## DATA EXTRACT
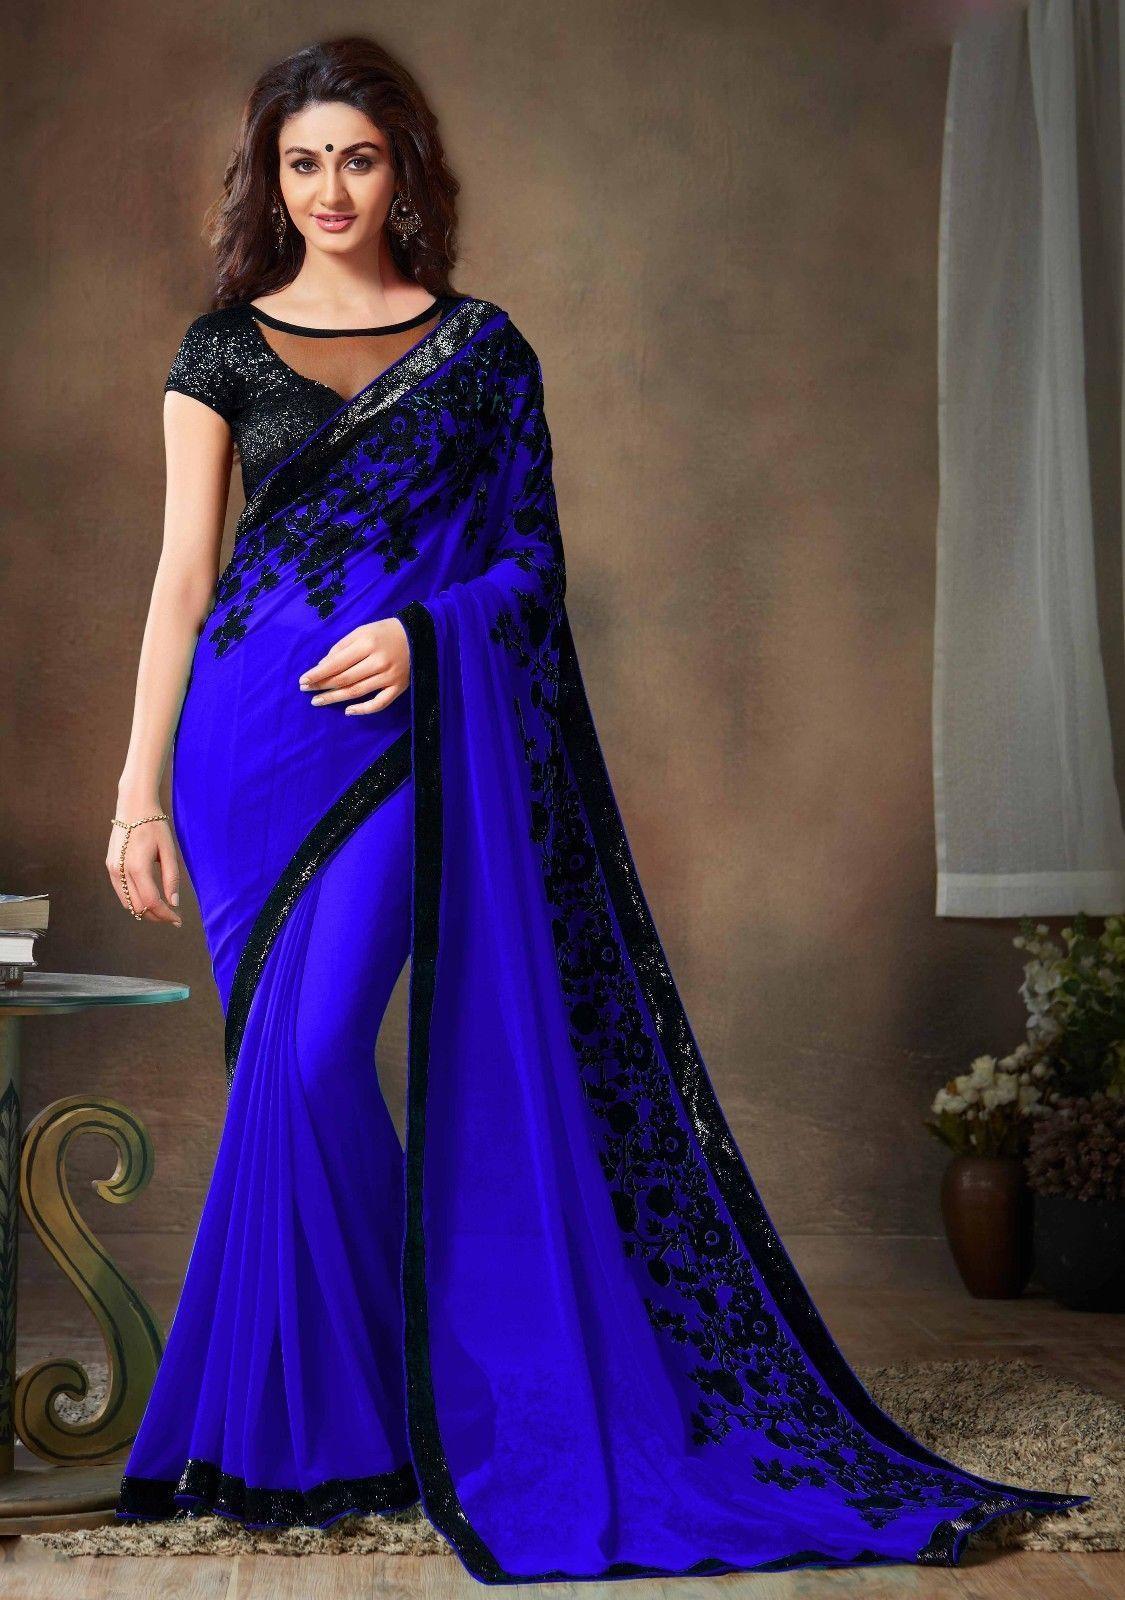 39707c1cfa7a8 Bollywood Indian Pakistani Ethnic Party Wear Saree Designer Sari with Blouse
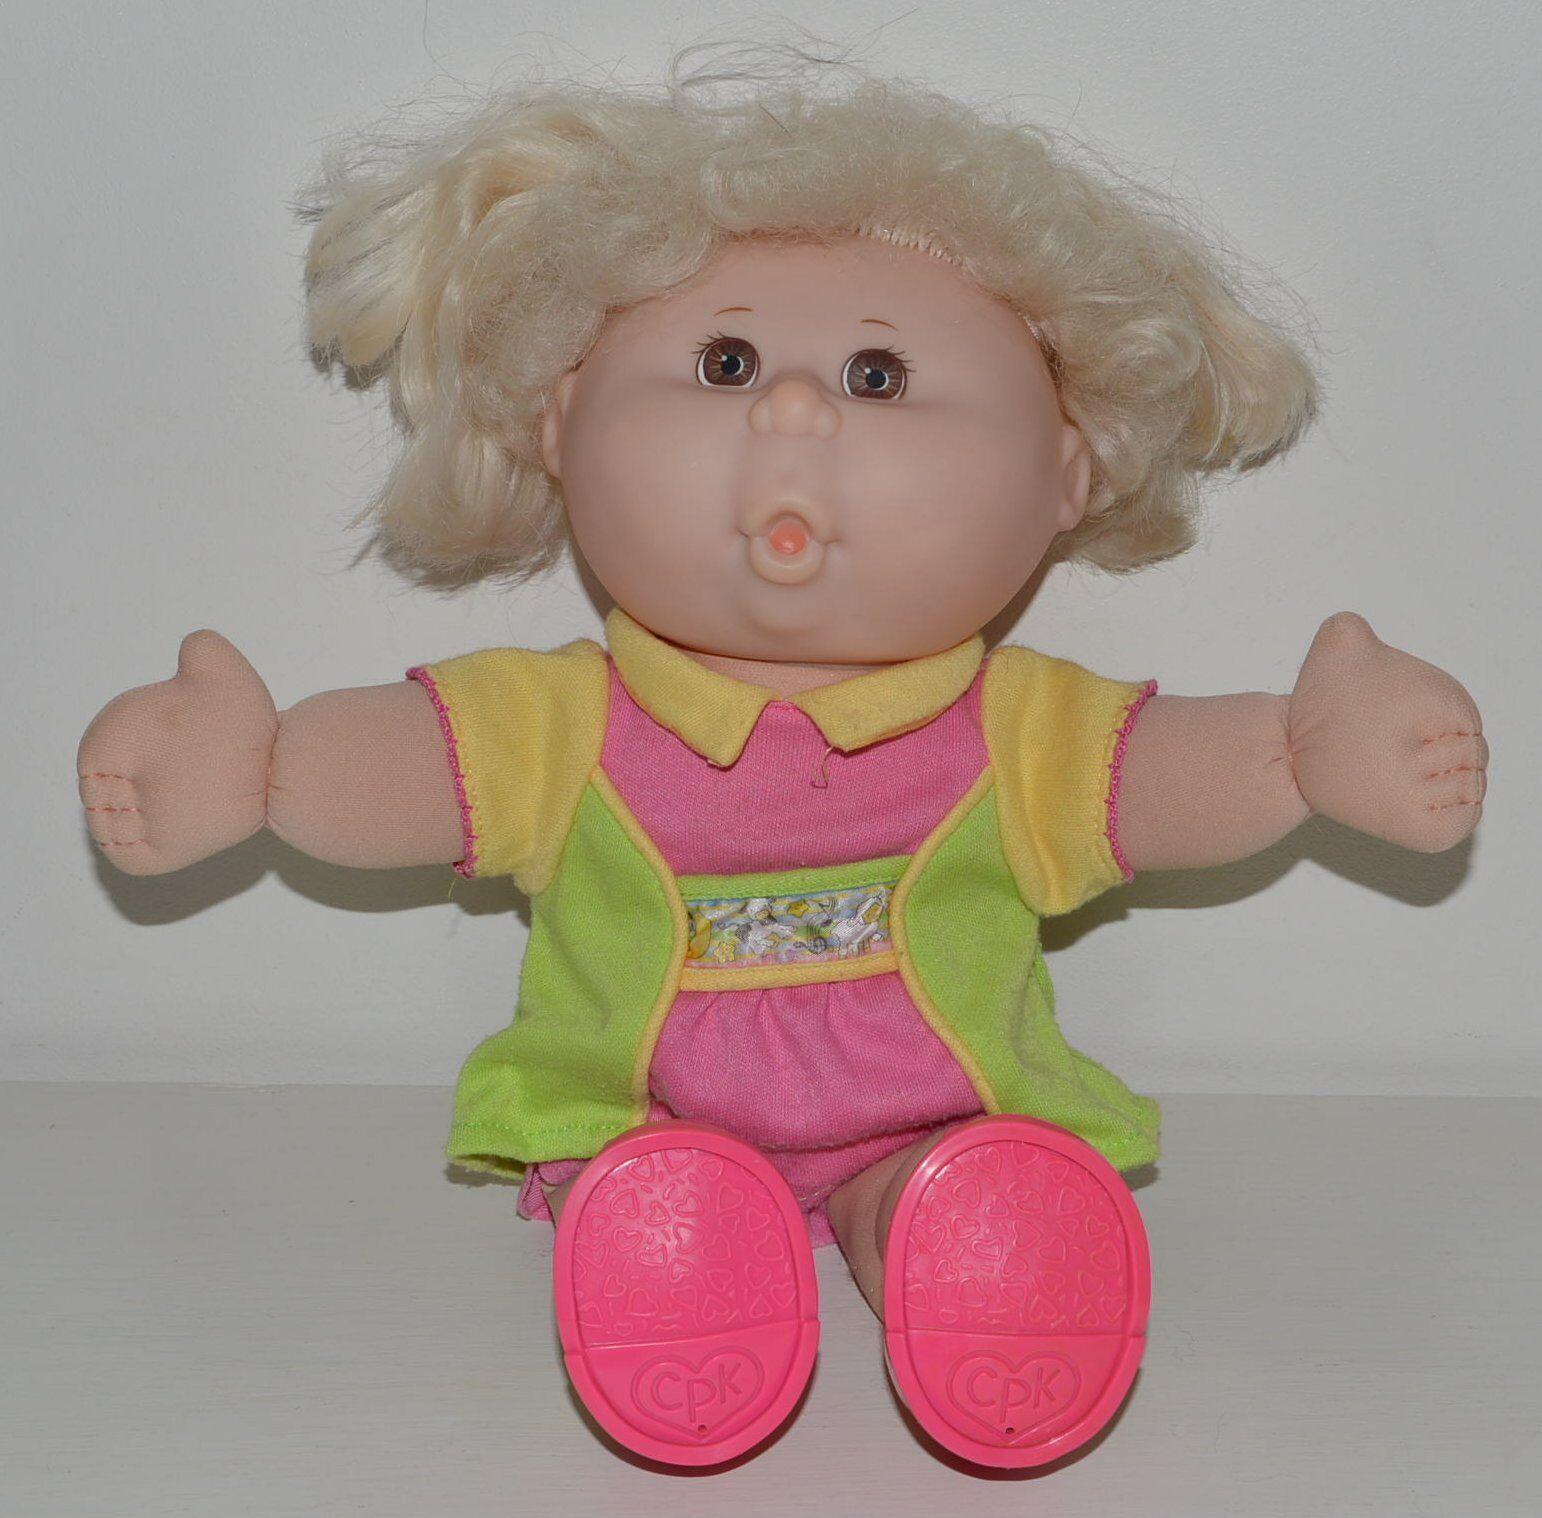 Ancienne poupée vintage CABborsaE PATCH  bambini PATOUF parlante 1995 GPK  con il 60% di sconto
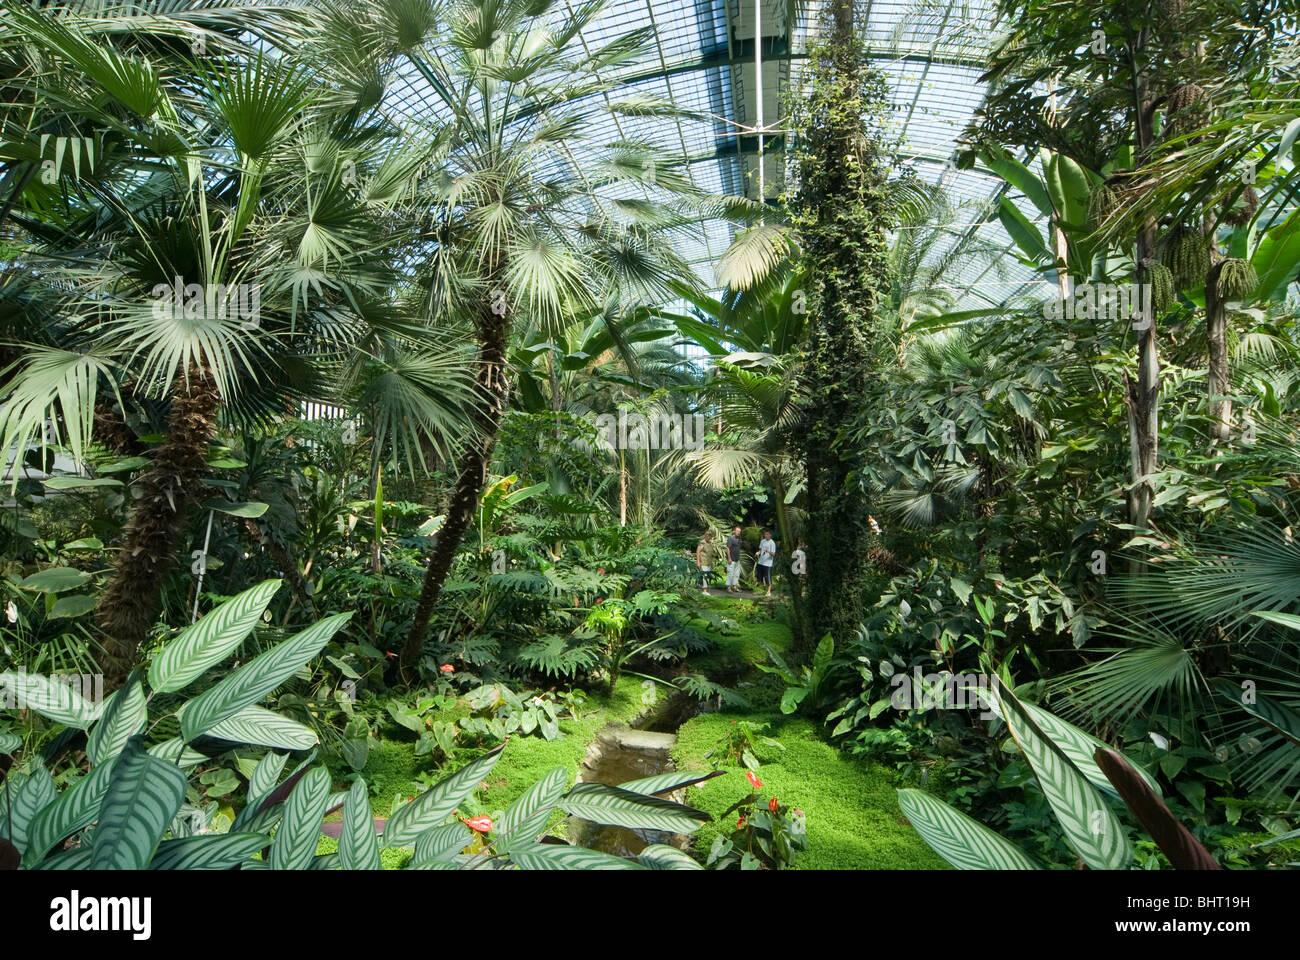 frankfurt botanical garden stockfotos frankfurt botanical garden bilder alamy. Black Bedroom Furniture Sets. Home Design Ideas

## TASK INSTRUCTIONS
The required output is the listing above reproduced exactly, pictures removed.

## RESPONSE TO THE EXERCISE
 39707c1cfa7a8 Bollywood Indian Pakistani Ethnic Party Wear Saree Designer Sari with Blouse
 Ancienne poupée vintage CABborsaE PATCH  bambini PATOUF parlante 1995 GPK  con il 60% di sconto
 frankfurt botanical garden stockfotos frankfurt botanical garden bilder alamy. Black Bedroom Furniture Sets. Home Design Ideas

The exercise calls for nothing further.